Побывши у нас в плену во время войны, зная по книгам и по общению с нашими эмигрантами нравы советской идеологической машины, Вольфганг Казак относился к поношениям передовой советской критики и ко всему, что у нас происходило, без всякого остервенения, скорее с грустной иронией, как и положено взрослому образованному человеку относиться к проделкам неразумных детей, бьющих посуду, разоряющих гнезда птиц, травящих дворовую собачонку, привязанную на цепь.

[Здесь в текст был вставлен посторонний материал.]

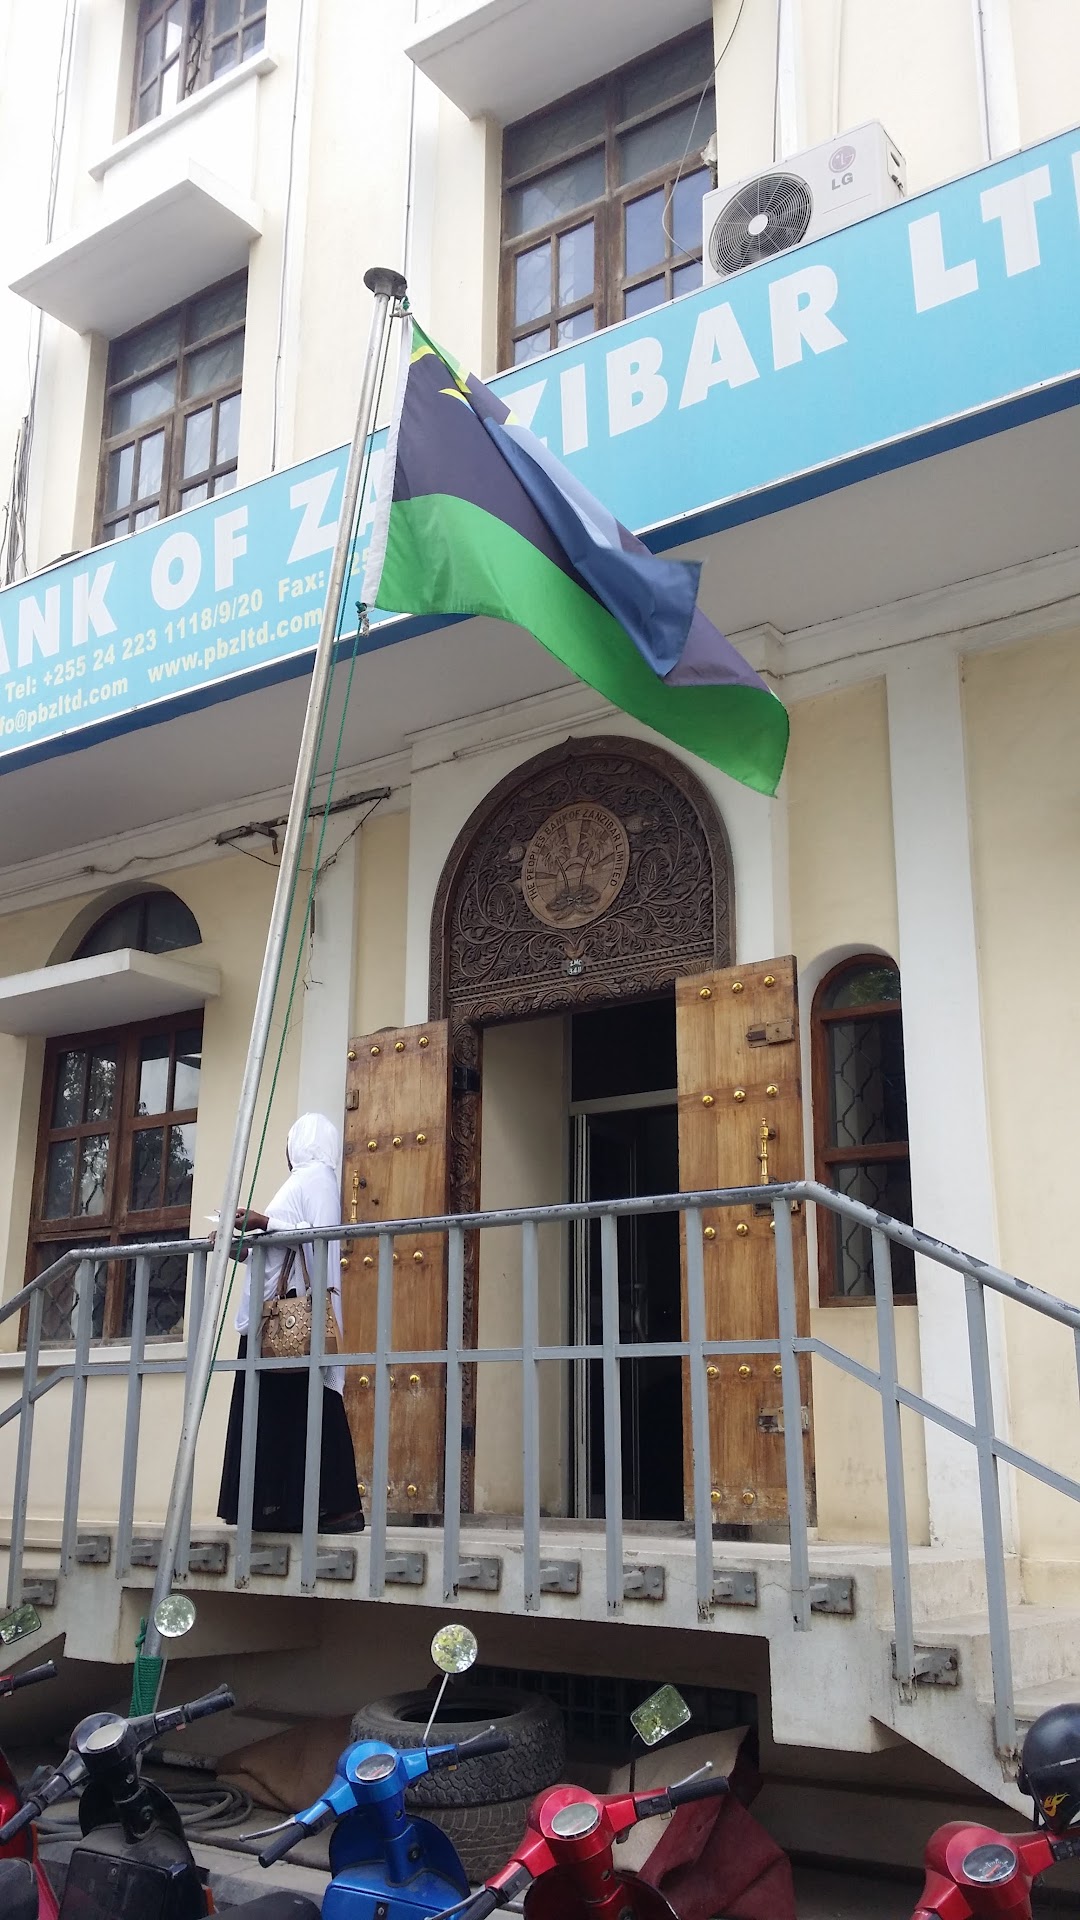 The People's Bank of Zanzibar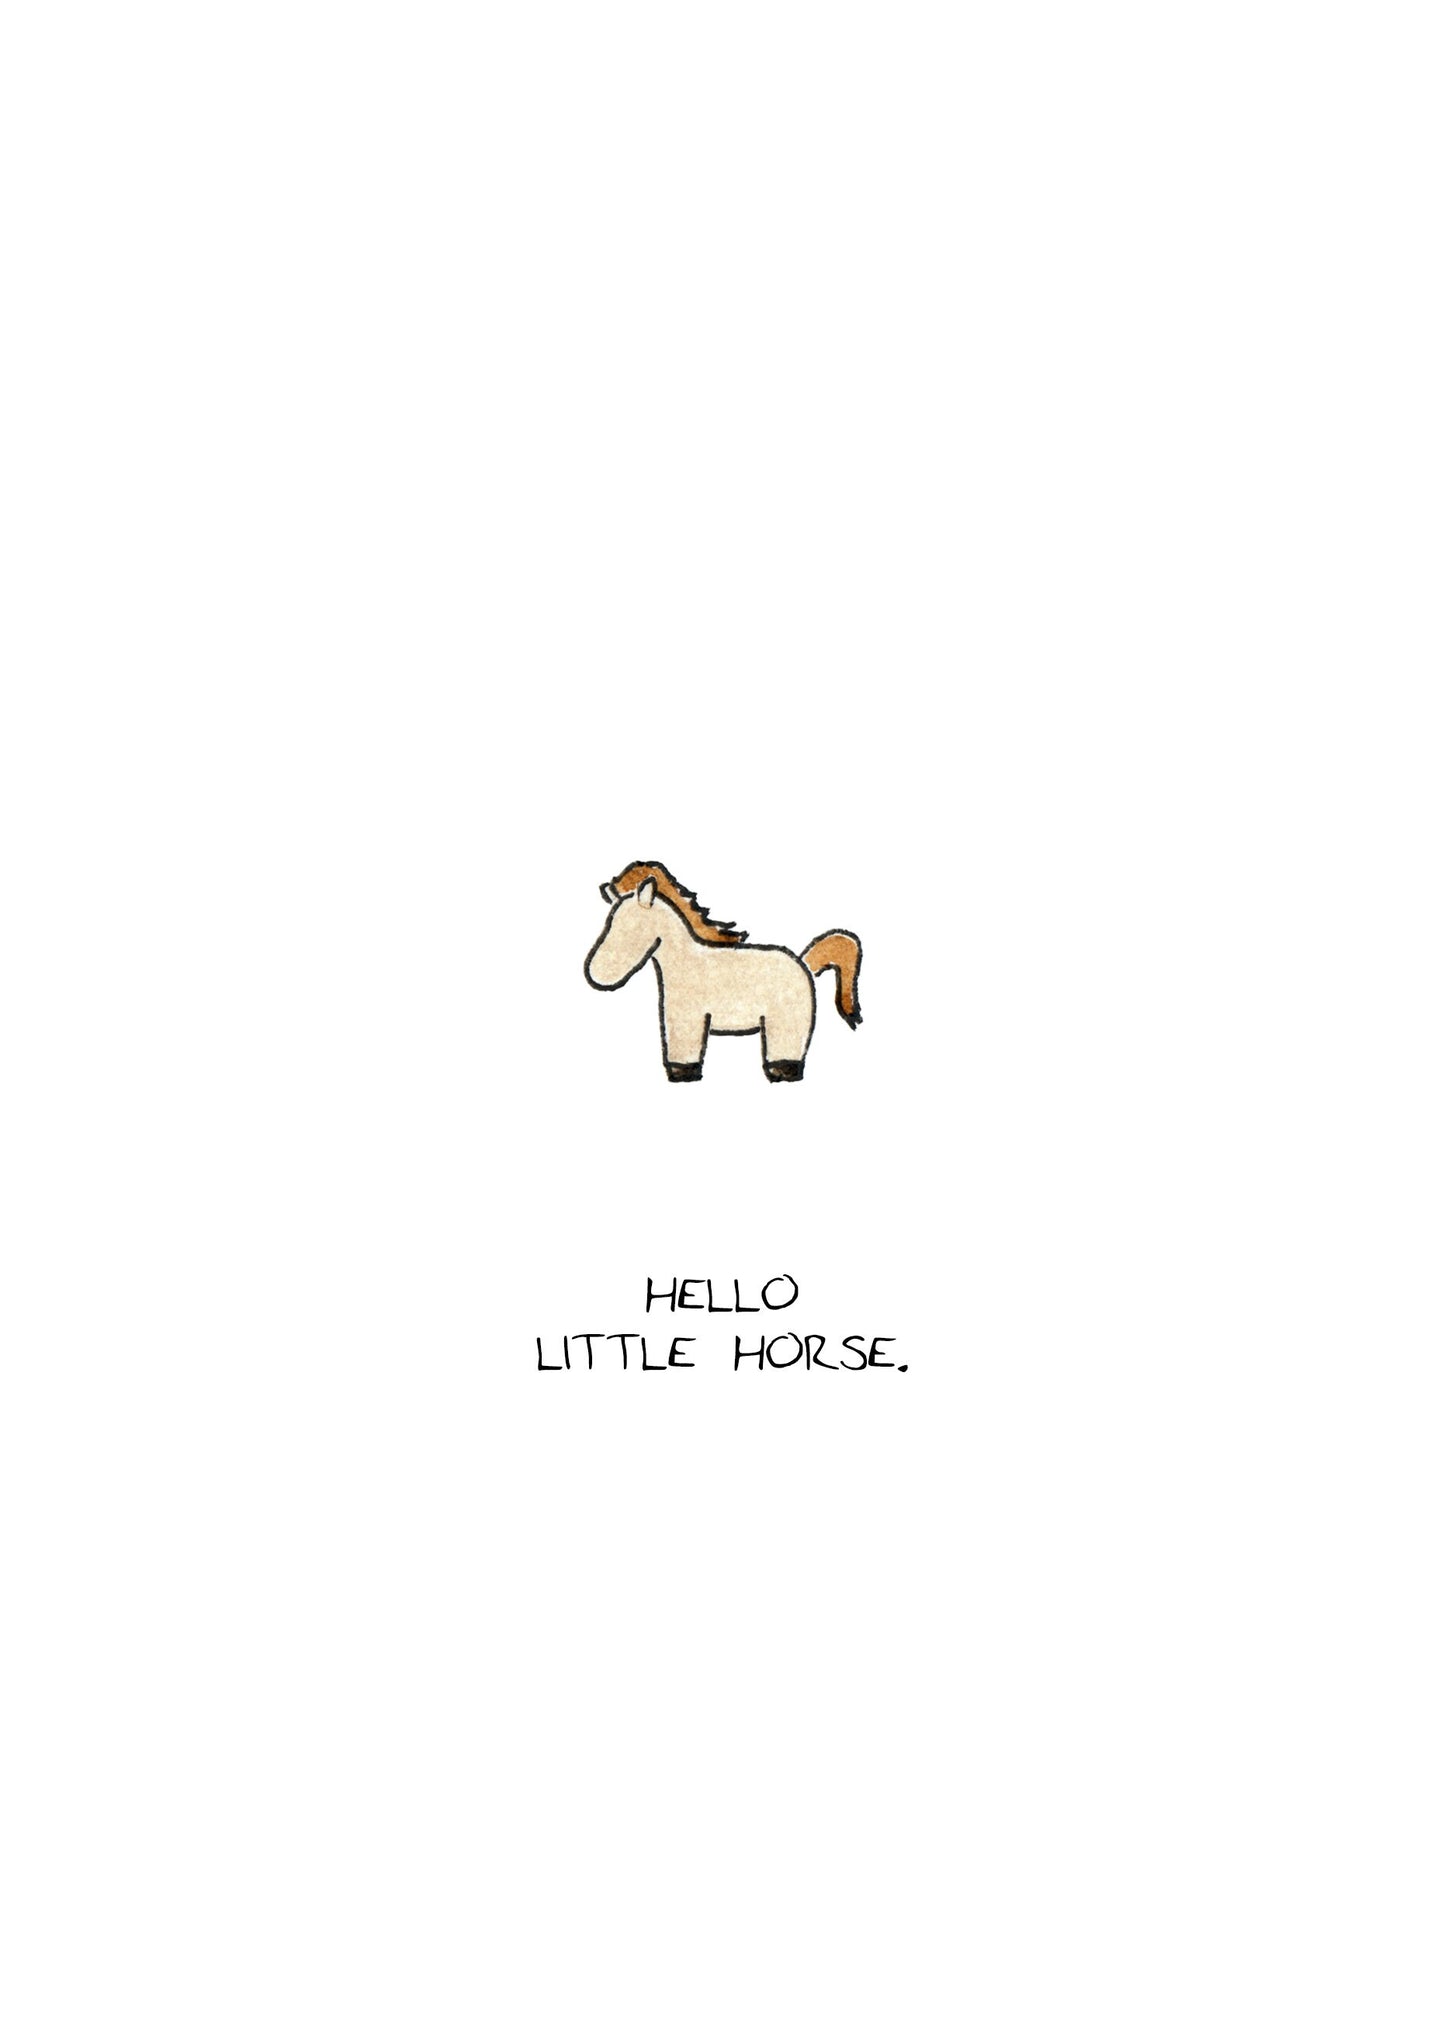 Tiny Horse

Но к самим писателям России он всегда относился доброжелательно, многое о них знал, много читал и пытался узнать и прочесть еще больше, и недавно он завершил многолетний труд — собрал, составил и напечатал на немецком и на русском языках словарь или, скорее, энциклопедию современной советской литературы.
На загородную виллу профессора было приглашено несколько добрых его знакомых, соседка, очень милая женщина, помогала хозяйке принимать гостей, был еще переводчик «Евгения Онегина», только что закончивший огромную, многолетнюю работу и еще не остывший от Пушкина. Он с восторгом и самозабвением говорил о поэте, во множестве его громко цитировал и при этом хватался от восторга за голову, разводил руками, чуть не плача от нежных чувств, его обуявших.
Вечер предстоял быть неторопливым, обстоятельным, никто никуда не торопился, телефон не бренчал.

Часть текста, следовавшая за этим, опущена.